I walked downstairs and grabbed my backpack, my notebook, and a pop-tart just as I heard Steve honk outside. I think I have this "morning routine" thing down to a science. I walked across the living room and opened my door. I was met with Steve blasting Like A Virgin by Madonna. Jesus Christ.

"Gooood Morning Y/L/N! How are you on this fine, snowy morning?" He said, shouting over the music. I shivered a bit. Was it always this cold during November? I walked to his car as I could feel my face turn maroon. How was he not embarrassed?

"I would be so much better if you would turn this fucking music off!" I yelled.

He turned the music down, but not off. "Uh-uh. No way. I love Madonna. That woman has star power, and she isn't afraid to use it," he said through the window. I sighed as I tried to open the car door, but it wouldn't budge.

"Steve! Let me in you absolute ass!" I exclaimed while throwing my hands up in frustration.

"No. If you're going to ride with me, you have to respect my rules. And rule #1 is I pick the music, and if you don't like it you deal with it." 
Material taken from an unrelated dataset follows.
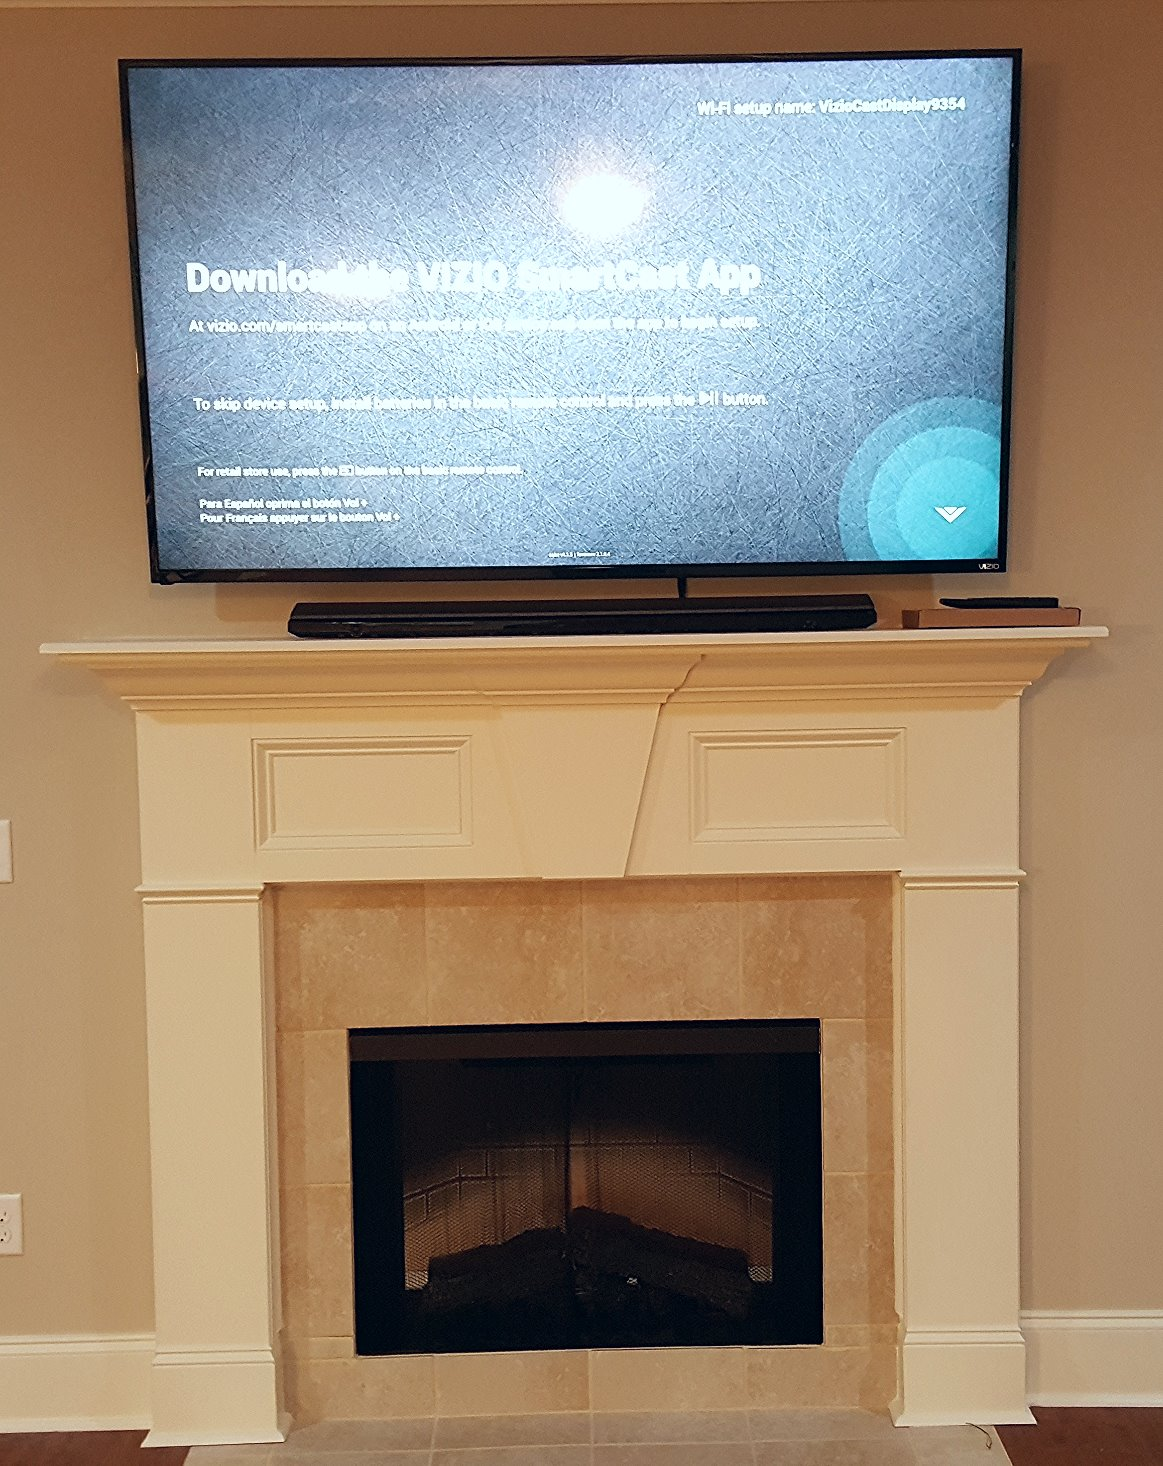 70in HDTV and soundbar_edited
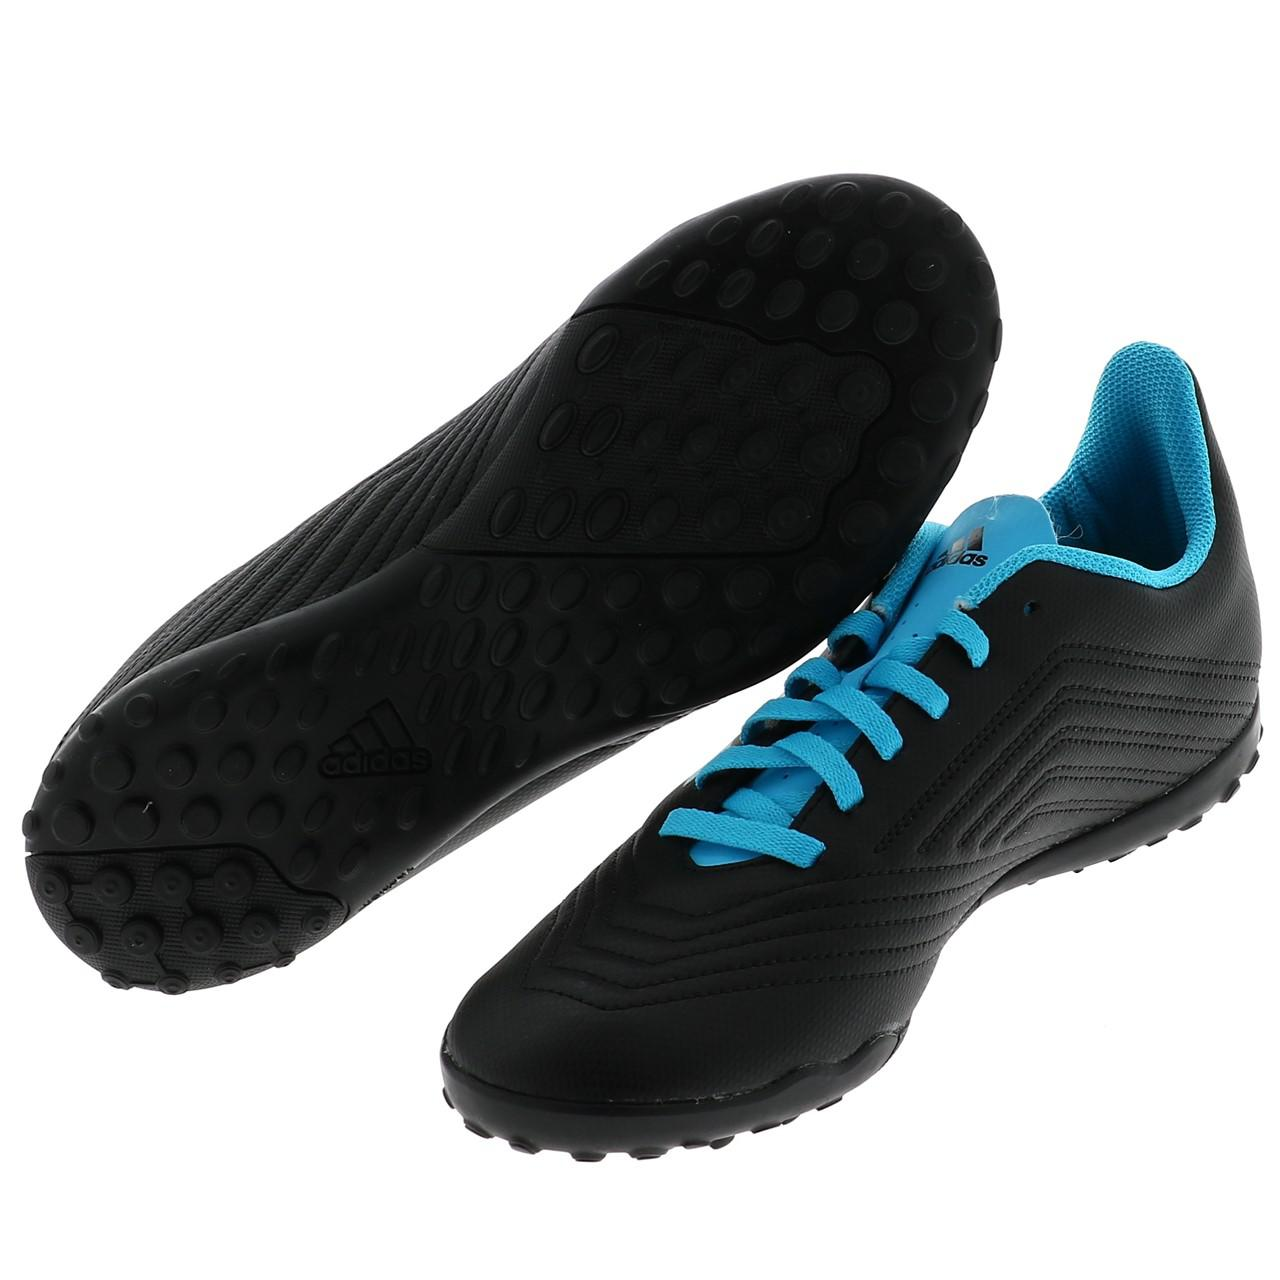 Football-Shoes-Stabilized-Adidas-Predator-19-4-Tf-Jmoule-Jr-Black-42177-N thumbnail 5

I stood there for a few moments, but eventually I had to cave because my fingers were going numb. I guess I'll have to let Madonna win today. "Fine. Okay. Whatever. Keep playing Madonna! I don't care! Just let me in! It's cold as fuck out here!" I said as I heard the metallic click of the door being unlocked. Thank god, because I could start to feel my legs go numb too.

I open the car door and am immediately met with warmth, and of course, Madonna was still playing. 

"So, Swan Lake, what's the plan today?" He asked, throwing the car in drive. It was the first day back at school since the party and the hand-holding, and I had kinda forgotten that I was going to have to talk to her today. What do I even say? 'Hey Baby, that hand-holding was tubular?' Yeah, I don't think so. I wonder if it will be awkward or not- I mean I'm pretty sure we've moved past the really awkward phase, but not entirely so. I think we might be in that weird limbo of "just friends" and "more than friends".